The Netfilter hooks:
Priorities:
NF_IP_PRI_FIRST = INT_MIN,
NF_IP_PRI_CONNTRACK = -200,
NF_IP_PRI_MANGLE = -150,
NF_IP_PRI_NAT_DST = -100,
NF_IP_PRI_FILTER = 0,
NF_IP_PRI_NAT_SRC = 100,
NF_IP_PRI_LAST = INT_MAX,
PRE_ROUTING (ip_input.c:ip_rcv):
CONNTRACK=-200, ip_conntrack_core.c:ip_conntrack_in
MANGLE=-150, iptable_mangle.c:ipt_hook
NAT_DST=-100, ip_nat_standalone.c:ip_nat_fn
FILTER=0, ip_fw_compat.c:fw_in, defrag, firewall, demasq, redirect
FILTER+1=1, net/sched/sch_ingress.c:ing_hook
LOCAL_IN (ip_input.c:ip_local_deliver):
FILTER=0, iptable_filter.c:ipt_hook
LVS=100, ip_vs_in
LAST-1, ip_fw_compat.c:fw_confirm
CONNTRACK=LAST-1, ip_conntrack_standalone.c:ip_confirm
FORWARD (ip_forward.c:ip_forward):
FILTER=0, iptable_filter.c:ipt_hook
FILTER=0, ip_fw_compat.c:fw_in, firewall, LVS:check_for_ip_vs_out,
masquerade
LVS=100, ip_vs_out
LOCAL_OUT (ip_output.c):
CONNTRACK=-200, ip_conntrack_standalone.c:ip_conntrack_local
MANGLE=-150, iptable_mangle.c:ipt_local_out_hook
NAT_DST=-100, ip_nat_standalone.c:ip_nat_local_fn
FILTER=0, iptable_filter.c:ipt_local_out_hook
POST_ROUTING (ip_output.c:ip_finish_output):
FILTER=0, ip_fw_compat.c:fw_in, firewall, unredirect,
mangle ICMP replies
LVS=NAT_SRC-1, ip_vs_post_routing
NAT_SRC=100, ip_nat_standalone.c:ip_nat_out
CONNTRACK=LAST, ip_conntrack_standalone.c:ip_refrag
CONNTRACK:
PRE_ROUTING, LOCAL_IN, LOCAL_OUT, POST_ROUTING
FILTER:
LOCAL_IN, FORWARD, LOCAL_OUT
MANGLE:
PRE_ROUTING, LOCAL_OUT
NAT:
PRE_ROUTING, LOCAL_OUT, POST_ROUTING
Running variants:
1. Only lvs - the fastest
2. lvs + ipfw NAT
3. lvs + iptables NAT
Where is LVS placed:
LOCAL_IN:100 ip_vs_in
FORWARD:100 ip_vs_out
POST_ROUTING:NF_IP_PRI_NAT_SRC-1 ip_vs_post_routing
The chains:
The out->in LVS packets (for any forwarding method) walk:
pre_routing -> LOCAL_IN -> ip_route_output or dst cache -> POST_ROUTING
LOCAL_IN
ip_vs_in -> ip_route_output/dst cache
-> set skb->nfmark with special value
-> ip_send -> POST_ROUTING
POST_ROUTING
ip_vs_post_routing
- check skb->nfmark and exit from the
chain
The in->out LVS packets (for LVS/NAT) walk:
pre_routing -> FORWARD -> POST_ROUTING
FORWARD
ip_vs_out -> NAT -> NF_ACCEPT
POST_ROUTING
ip_vs_post_routing
- check skb->nfmark and exit from the
chain
I hope in the netfilter docs there is a nice ascii diagram.
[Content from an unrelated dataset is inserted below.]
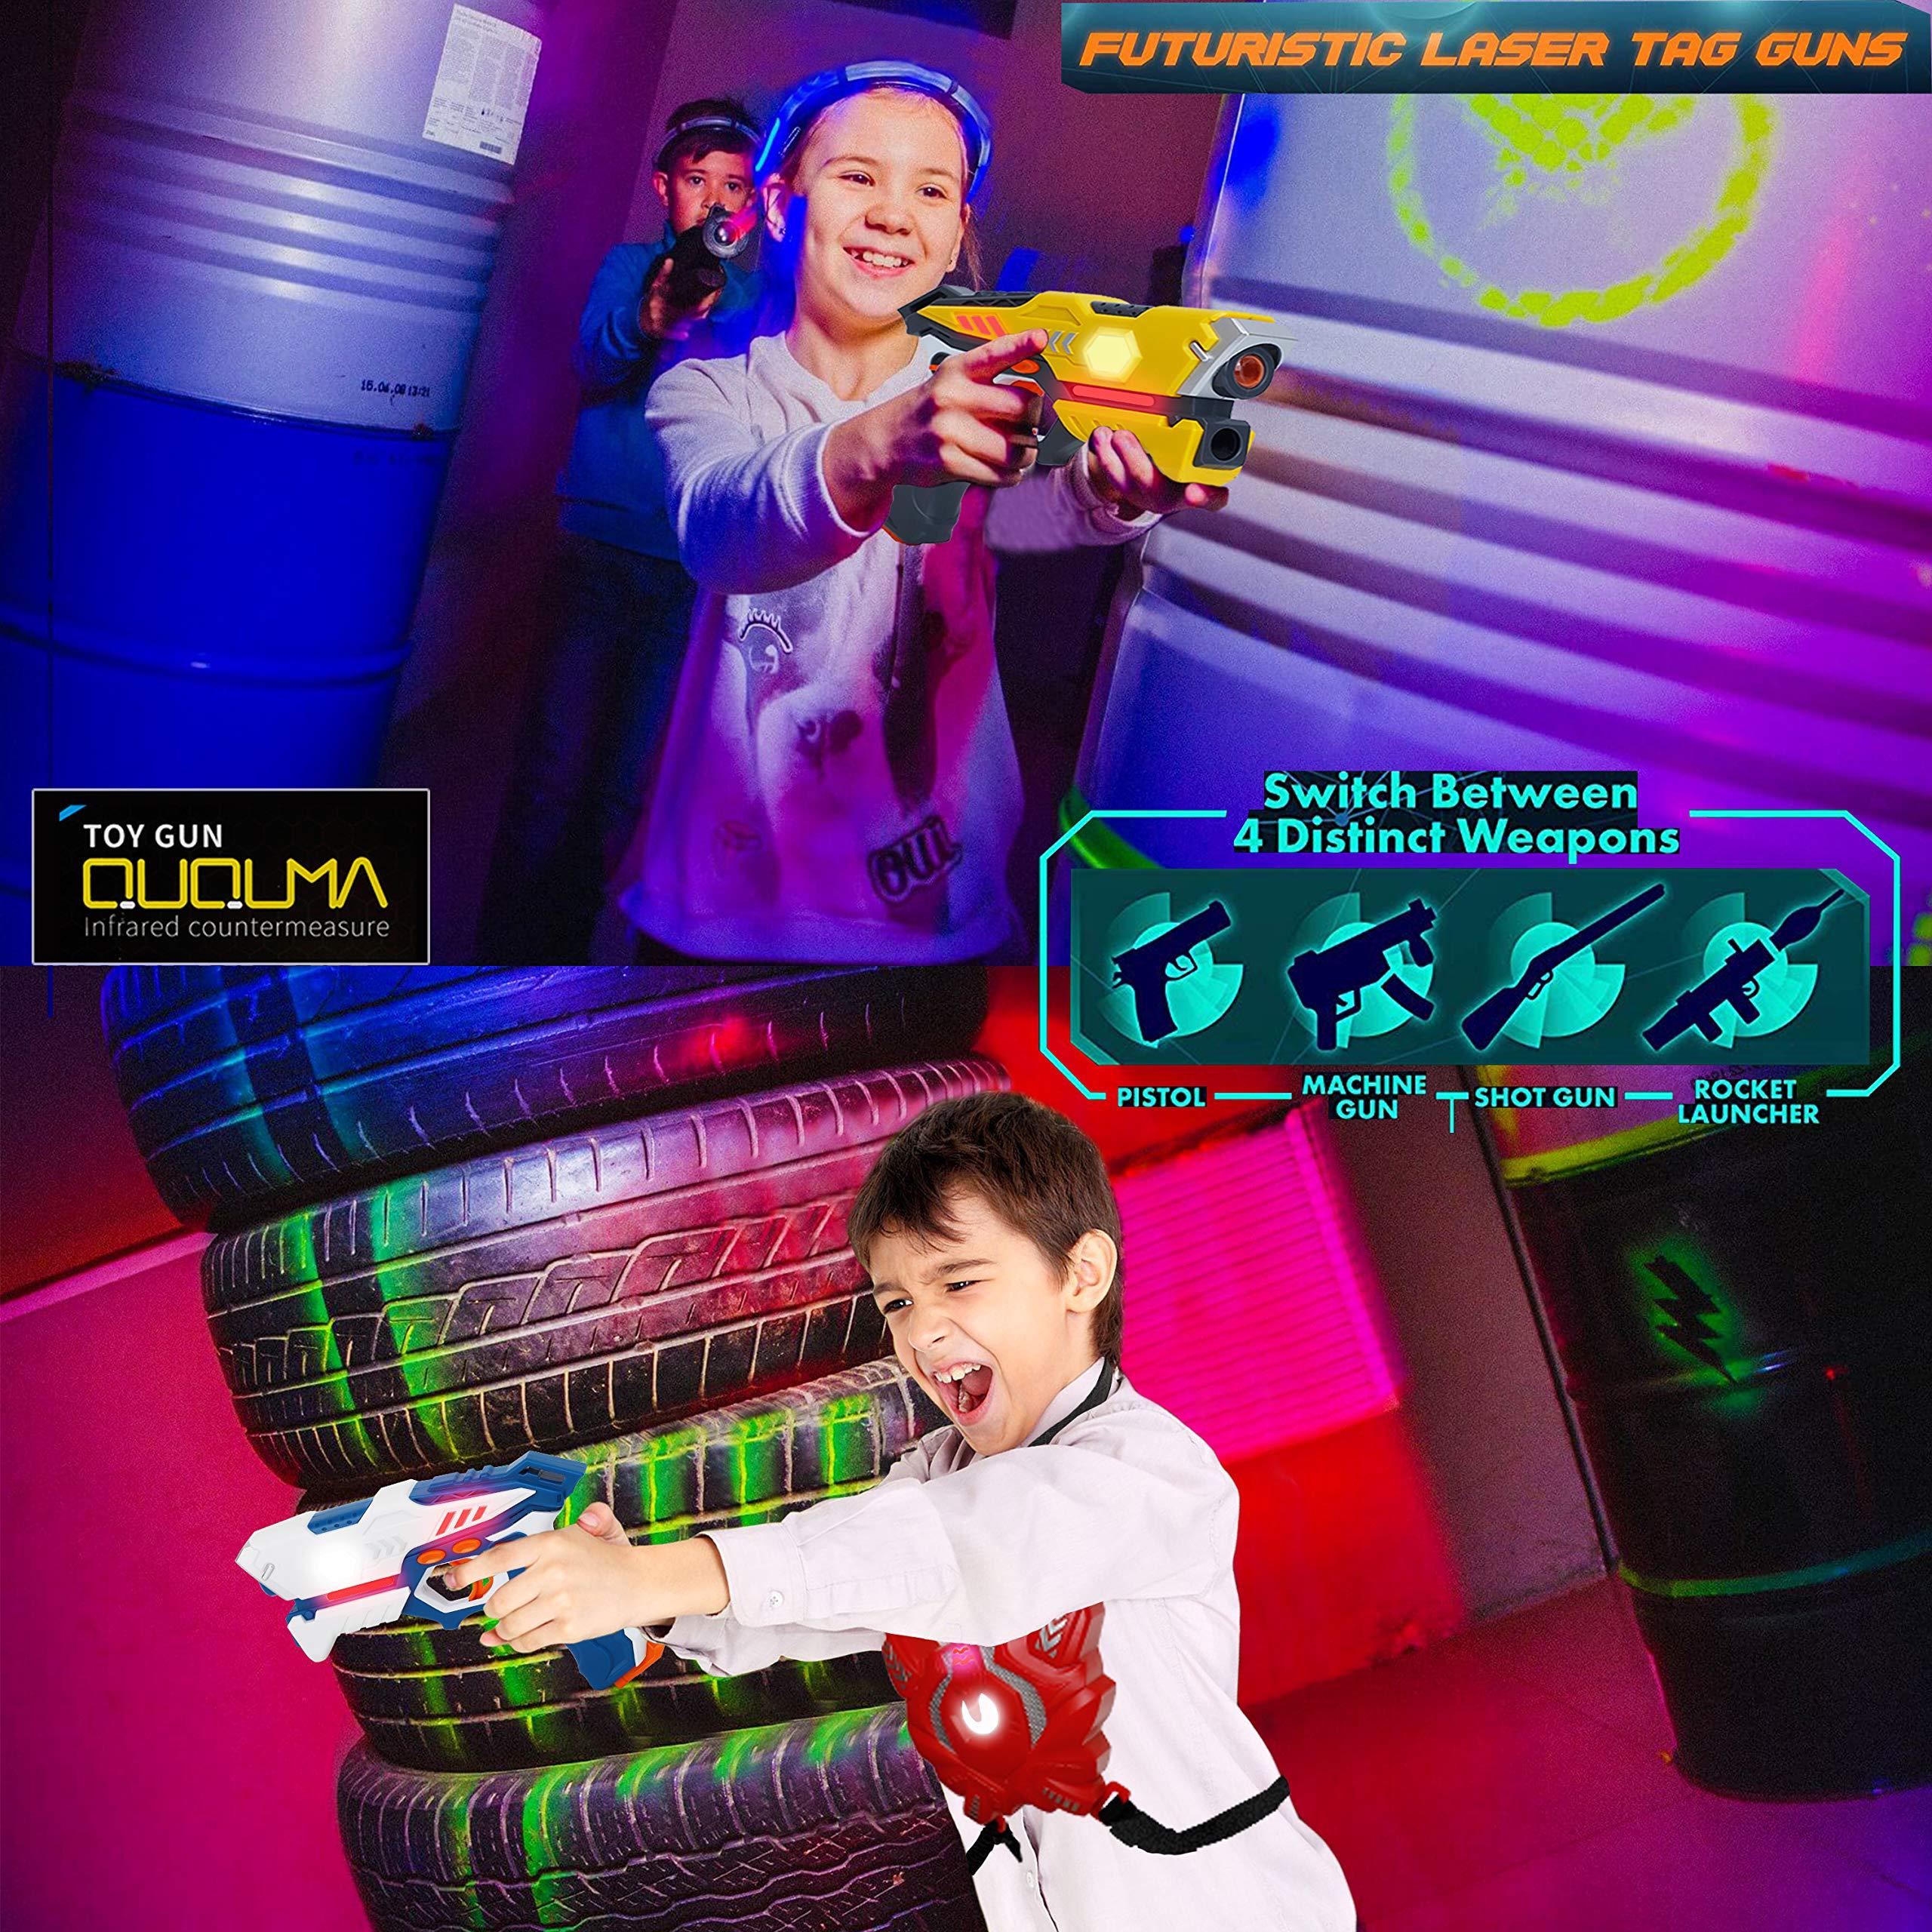 QUQUMA Infrared Laser Tag Set 4 Guns 4 Vests - Indoor Outdoor Laser Gun Kit Toy for Girl & Boy Laser Tag Game Set Best Gift Boys Girls(Laser Guns) by QUQUMA (Image #3)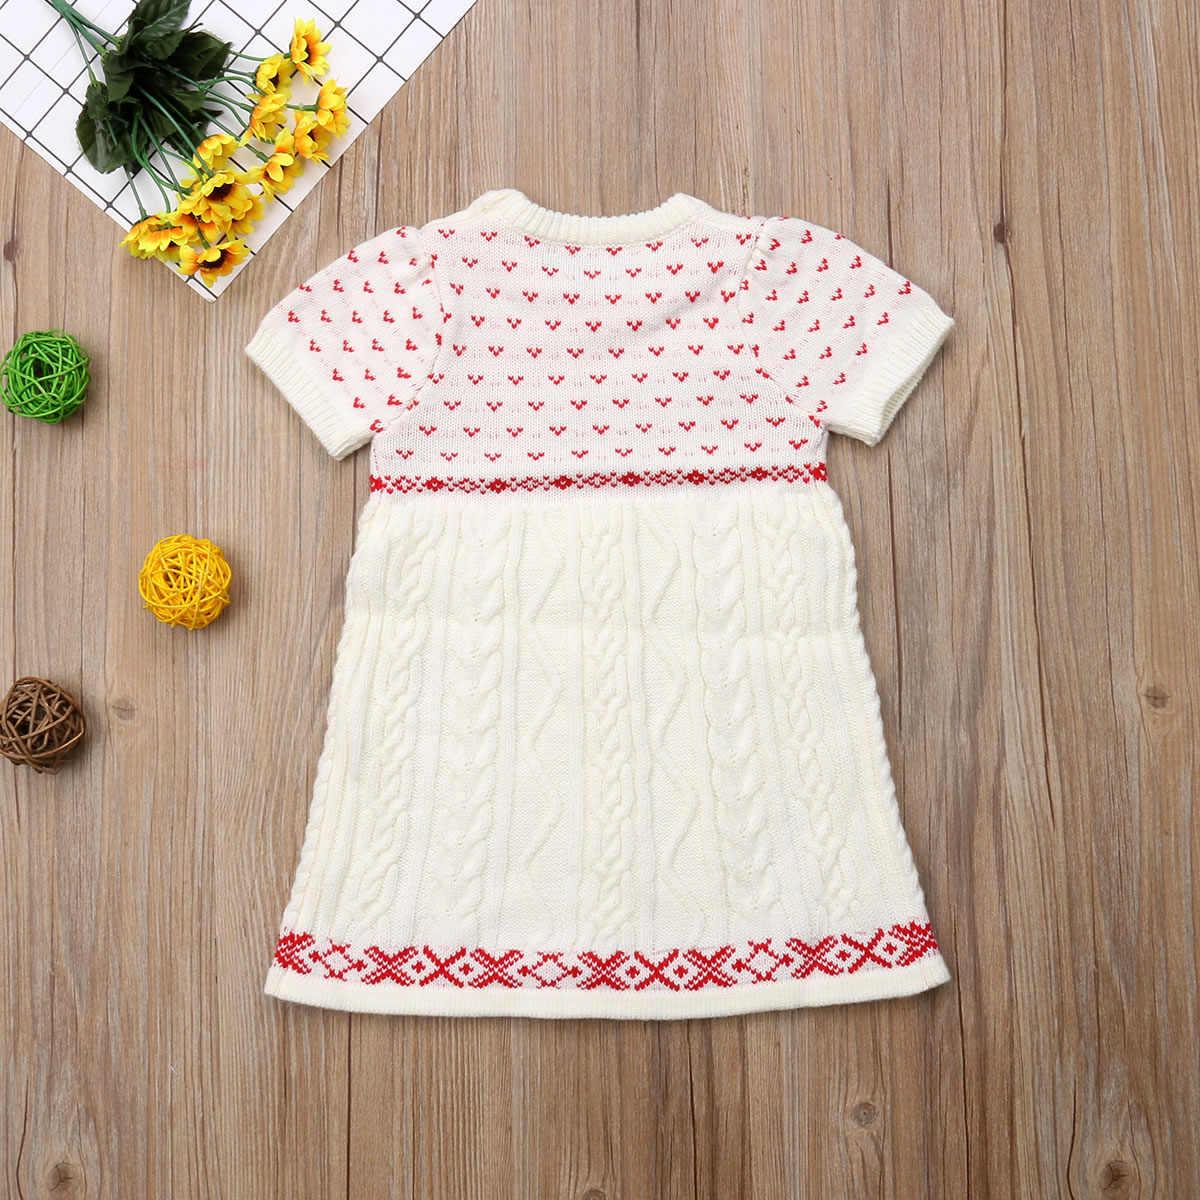 8831733493cf6 Girl Knitting Wool Sweater Warm Crochet Dress Autumn Cute Clothes Christmas  Newborn Kids Baby Girls Dresses Clothing 6M-5T

But I hope the above info is more useful if you already know what
means each hook.
> > > The biggest problem I see here is that maybe the user space daemons
> > > don't get enough scheduling time to be accurate enough.
> >
> > That is definitely true. When the CPU(s) are busy
> > transferring packets the processes can be delayed. So, the director
> > better not spend many cycles in user space. This is the reason I
> > prefer all these health checks to run in the real servers but this
> > is not always good/possible.
>
> No, considering the fact that not all RS are running Linux. We would
> need to port the healthchecks to every possible RS architecture.
Yes, this is a drawback.
> > > Tell me, which scheduler should I take? None of the existing ones
> > > gives me good enough results currently with persistency. We have
> > > to accept the fact, that 3-Tier application programmers don't
> > > know about loadbalancing or clustering, mostly using Java and this
> > > is just about the end of trying to load balance the application
> > > smoothly.
> >
> > WRR + load informed cluster software. But I'm not sure in
> > the fact the persistency can do very bad things. May be yes, but
> > for small number of clients or when wlc is used (we don't talk for
> > the other dumb schedulers).
>
> I currently get some values via an daemon coded in perl on the RS,
> started via xinetd. The LB connects to the healthcheck port and
> gets some prepared results. He then puts this stuff into a db and
> starts calculating the next steps to reconfigure the LVS-cluster to
> smoothen the imbalance. The longer you let it running the more data
> you get and the less adjustments you have to make. I reckon some
> guy showing up on this list once had this idea in direction of
> fuzzy logic. Hey Julian, maybe we should accept the fact that the
> wlc scheduler also isn't a very advanced one:
> loh = atomic_read(&least->activeconns)*50+atomic_read(&least->inactconns);
> What would you think would change if we made this 50 dynamic?
Not sure :) I don't have results from experiments with wlc :)
You can put it in /proc and to make different experiments, for example :)
But warning, ip_vs_wlc can be module, check how lblc* register /proc
vars.
> Later,
> Roberto Nibali, ratz
Regards
--
Julian Anastasov <ja@xxxxxx>
|